Human Digital Twin

 

In the context of DSTL’s Serapis SSE Framework Agreement, we were tasked by Qinetiq Training and Simulation to investigate the key technologies required for a human digital twin concept demonstrator. ‘SSE’ stands for Simulation and Synthetic Environments Excellence. This included the full digital 3D capture of a body scan that needed to be highly precise & accurate, meeting at least the ISO 20685:2010 standard (scanning), modelling (rigging), followed by visualisation and articulation of the model (syncing).

Below the 3 steps:

 

Scanning

A research paper on the required ISO 20685:2010 standard was our start. We contacted the authors of the paper who had developed an algorithm called Gryphon which was said to be ISO compliant. We hired the body scanner used by the authors of the paper, called SizeStream SS20. Below our virtual 3D model of the scanner, including the scanned participant in action.

 

5 consecutive scans were taken with the Gryphon method. The Gryphon algorithm discards outlier measurements during this process to increase accuracy of the final results. The SizeStream software then generates a 3D point cloud for each of the 5 scans. Below the raw point cloud output of one of the scans. Note the handholds and scanner hardware are still visible. A surface mesh is generated from the point cloud data. This surface mesh is used for all further steps in the generation of a digital twin.

 
 
 
 

We compared the surface meshes generated from the 5 consecutive scans which we overlayed in 3D in 5 different colours to check accuracy. Most of the differences are a result of the participant moving slightly in the 1-second interval between scans, however scanning artifacts are visible on the left arm of the 5th (blue) scan.

 

Rigging

Next the 3D surface scan needed to be rigged.
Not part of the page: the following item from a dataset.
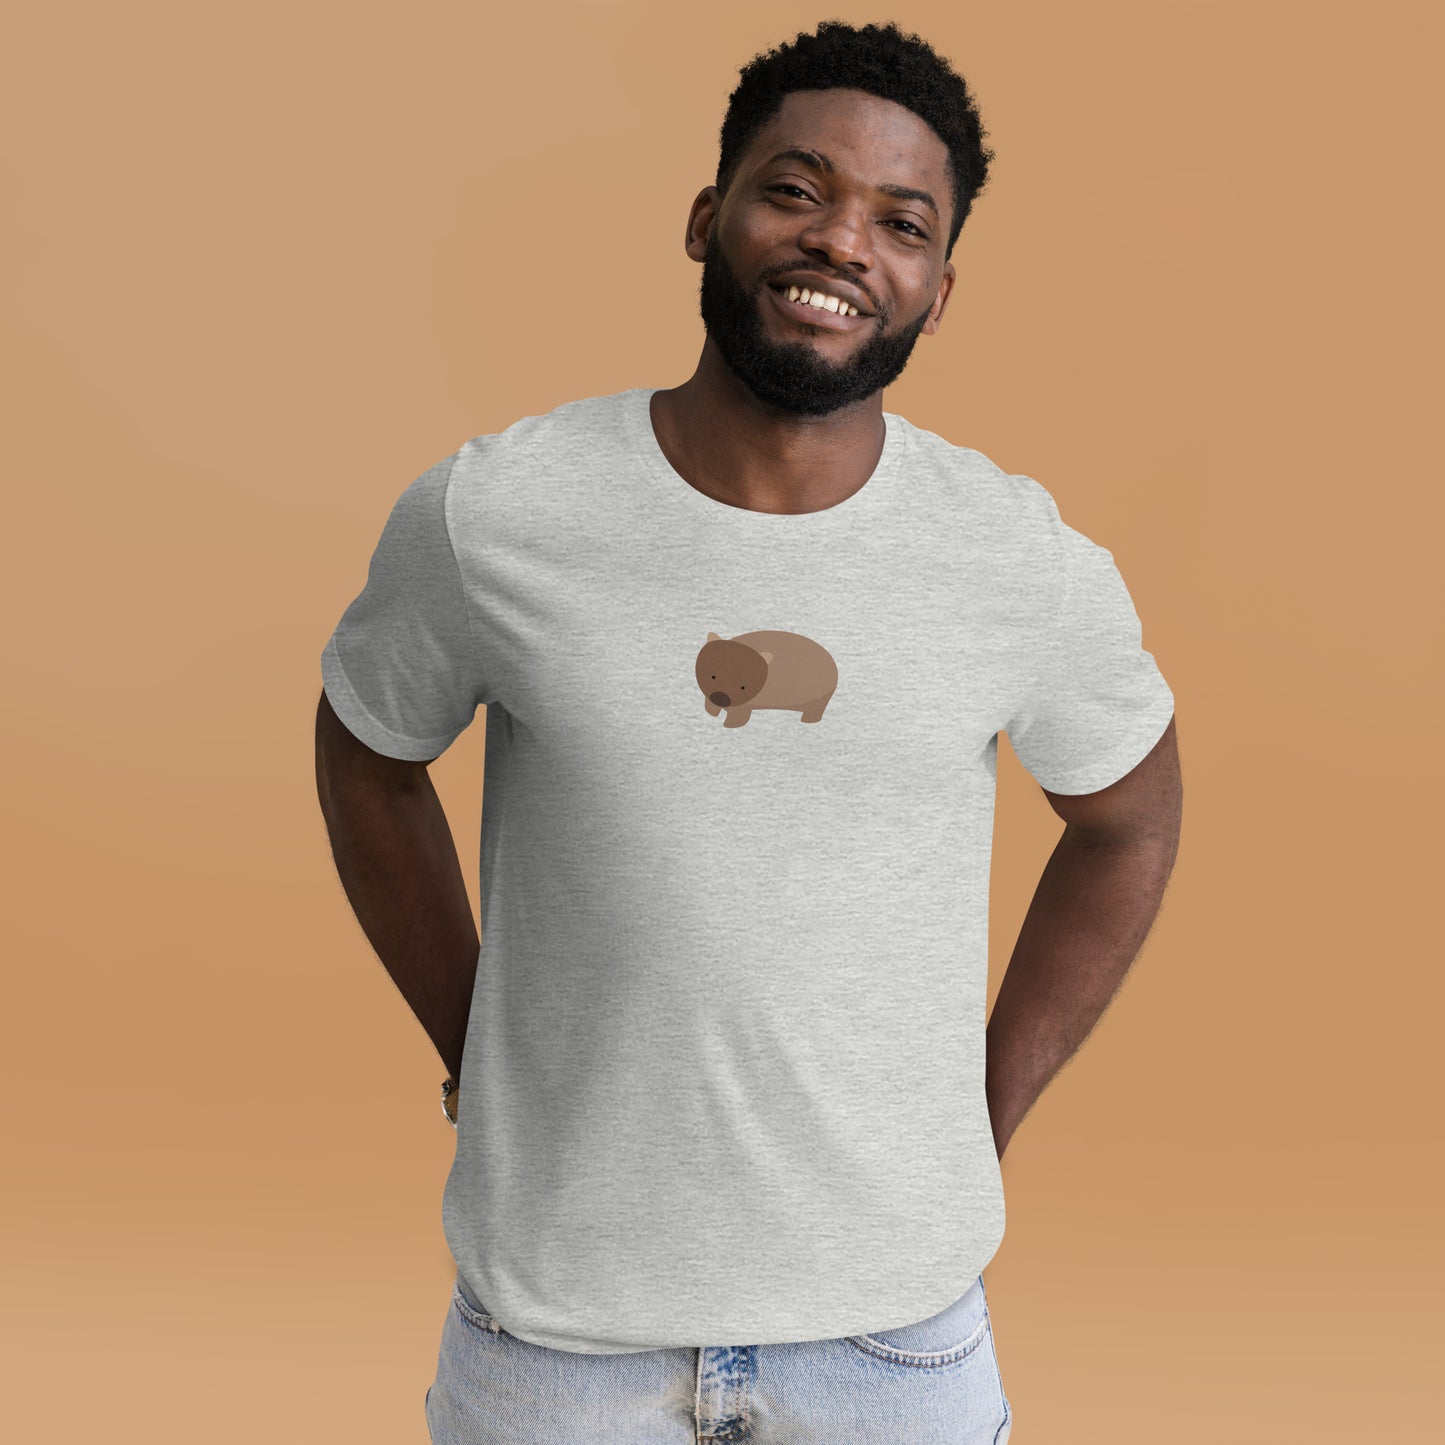 Bella + Canvas Unisex T-shirt with Wombat design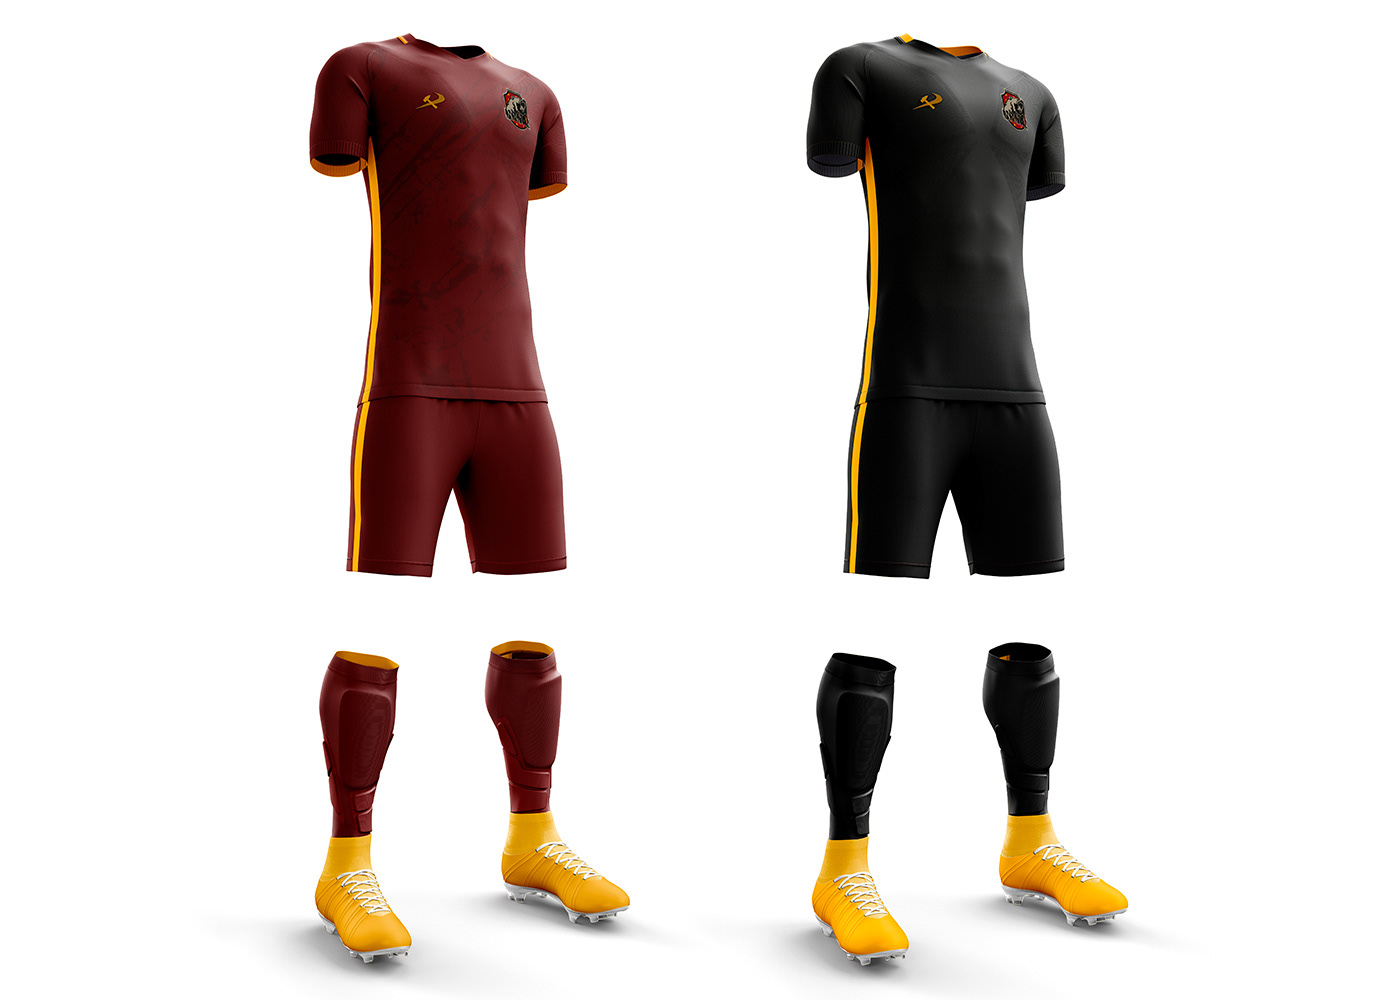 ursal urss jersey soccer uniformes uniforme seleção

A skeletal rig is a digital representation of the key bones of the human skeleton.

 

Syncing

We chose the Rokoko Smartsuit as the source of motion capture data to be used for the synchronisation of the Digital Twin. The skeletal rig animation data produced by Rokoko Studio can be consumed by a wide variety of commercial 3D modelling software.

 
 
 

Conclusion

Digitally twinning a human is possible with the technology available today as we showcased with this initial concept demonstrator within a very short timeframe and with imposed precision and accuracy requirements.

Going forwards, a personalised human digital twin that uses and integrates all available personal health data could potentially address long waiting lists of an overwhelmed healthcare systems. At Holoxica, we’re already working towards humanising, digitising and democratising healthcare communications in natural 3D with our 3D Telemedicine platform. Technology is going to have a much greater impact in monitoring and delivering healthcare in the future. Watch this space for more and reach out if you want to explore some other Human Digital Twin projects. Read more in our blog.

 
 

DSTL presented the result of this work during a UK Defence Surgical Research Conference in London in July 2022 to explore the potential in Defence Medicine.